TASK REQUIREMENTS
Exactly as they appear below, repeat the lines from the one with "Vista general de" through the one with "Taylor-Lautner-Twilight1-03.jpg", and no others.

RECORDED DATA
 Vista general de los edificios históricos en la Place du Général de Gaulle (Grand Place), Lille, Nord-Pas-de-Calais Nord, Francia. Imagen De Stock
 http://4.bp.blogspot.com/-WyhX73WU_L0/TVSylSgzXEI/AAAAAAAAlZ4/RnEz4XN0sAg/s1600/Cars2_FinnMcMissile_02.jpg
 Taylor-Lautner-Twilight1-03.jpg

--

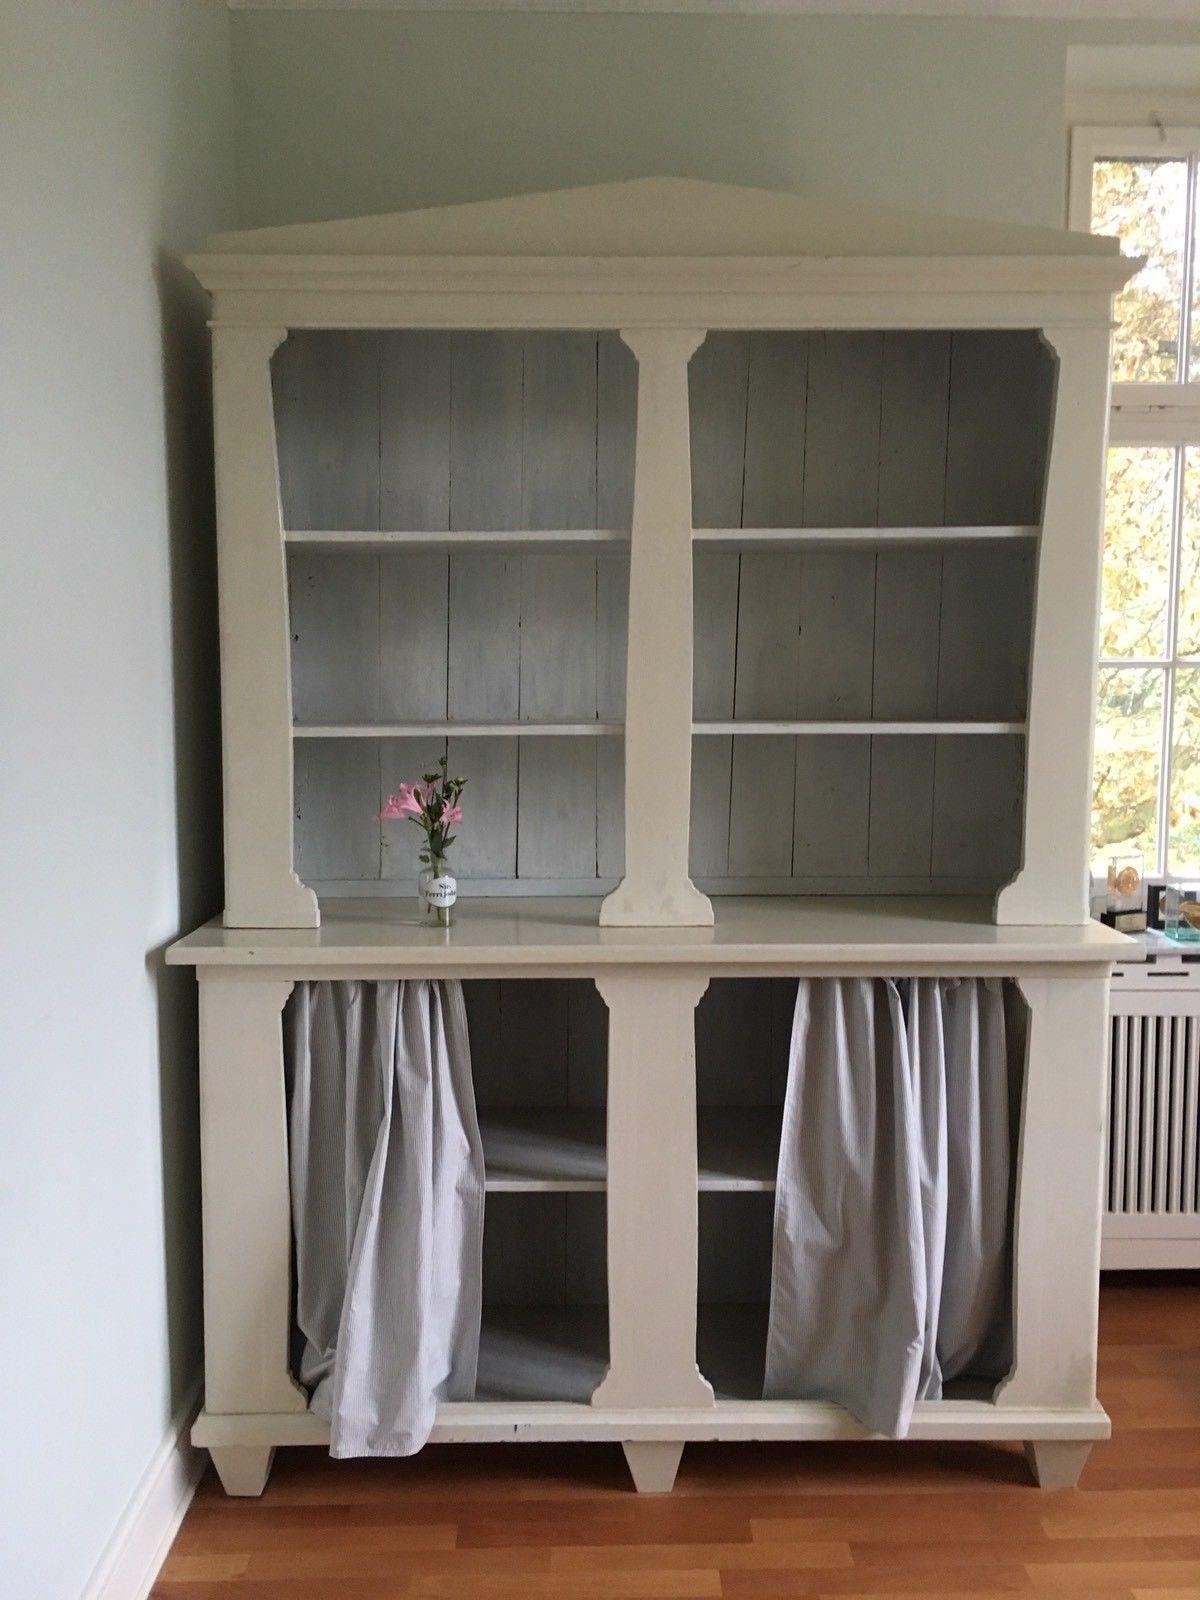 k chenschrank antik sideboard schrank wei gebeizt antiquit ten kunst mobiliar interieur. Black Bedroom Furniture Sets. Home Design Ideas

* * *

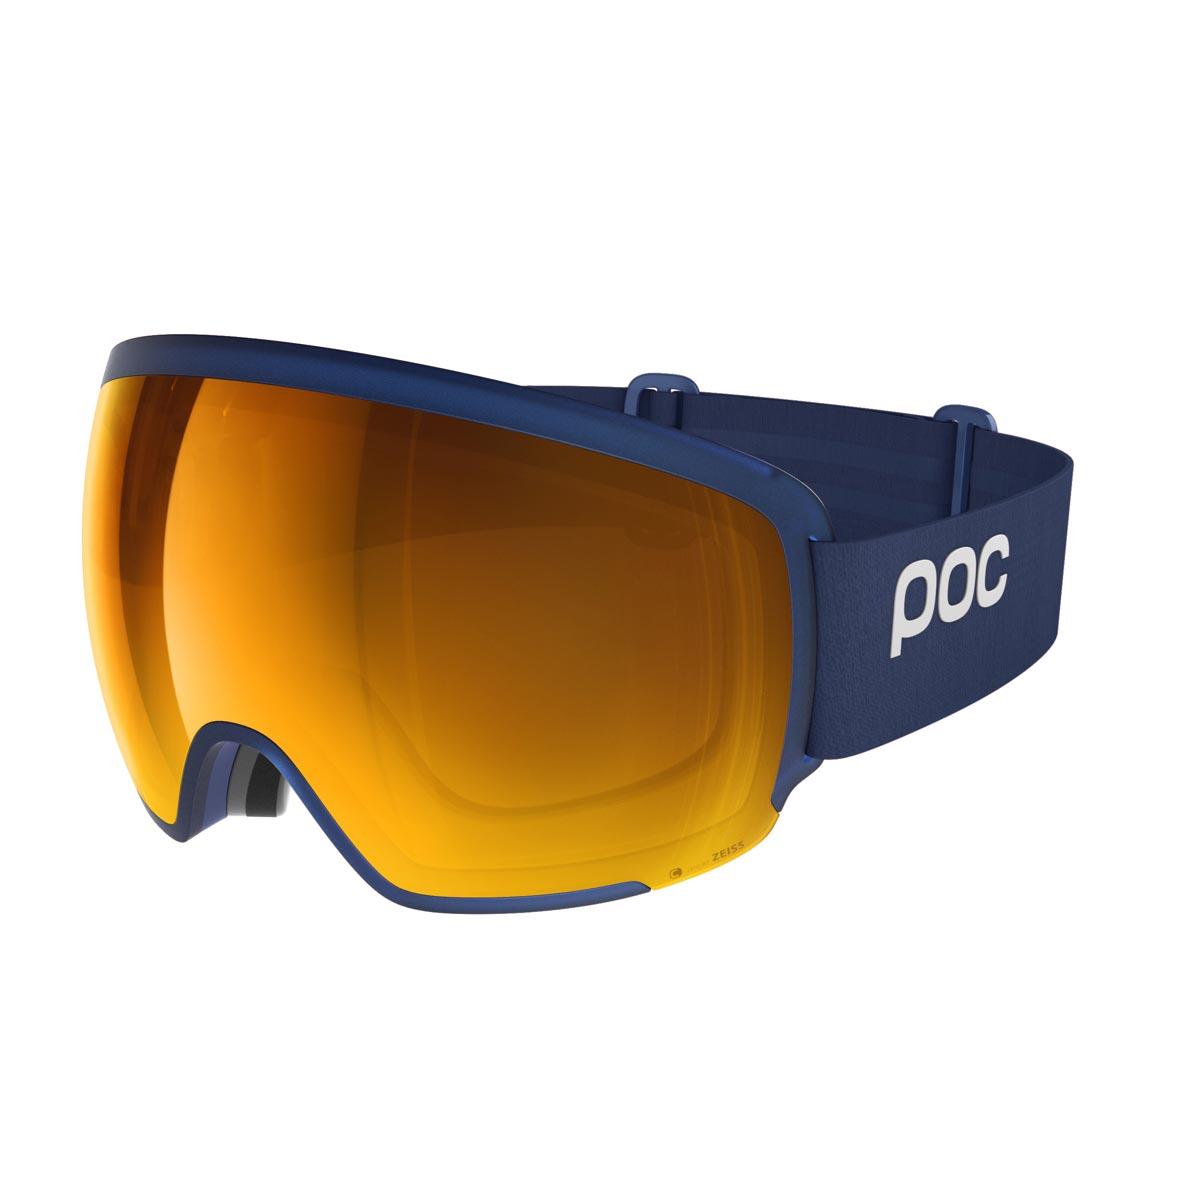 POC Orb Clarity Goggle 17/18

FINAL ANSWER
 Vista general de los edificios históricos en la Place du Général de Gaulle (Grand Place), Lille, Nord-Pas-de-Calais Nord, Francia. Imagen De Stock
 http://4.bp.blogspot.com/-WyhX73WU_L0/TVSylSgzXEI/AAAAAAAAlZ4/RnEz4XN0sAg/s1600/Cars2_FinnMcMissile_02.jpg
 Taylor-Lautner-Twilight1-03.jpg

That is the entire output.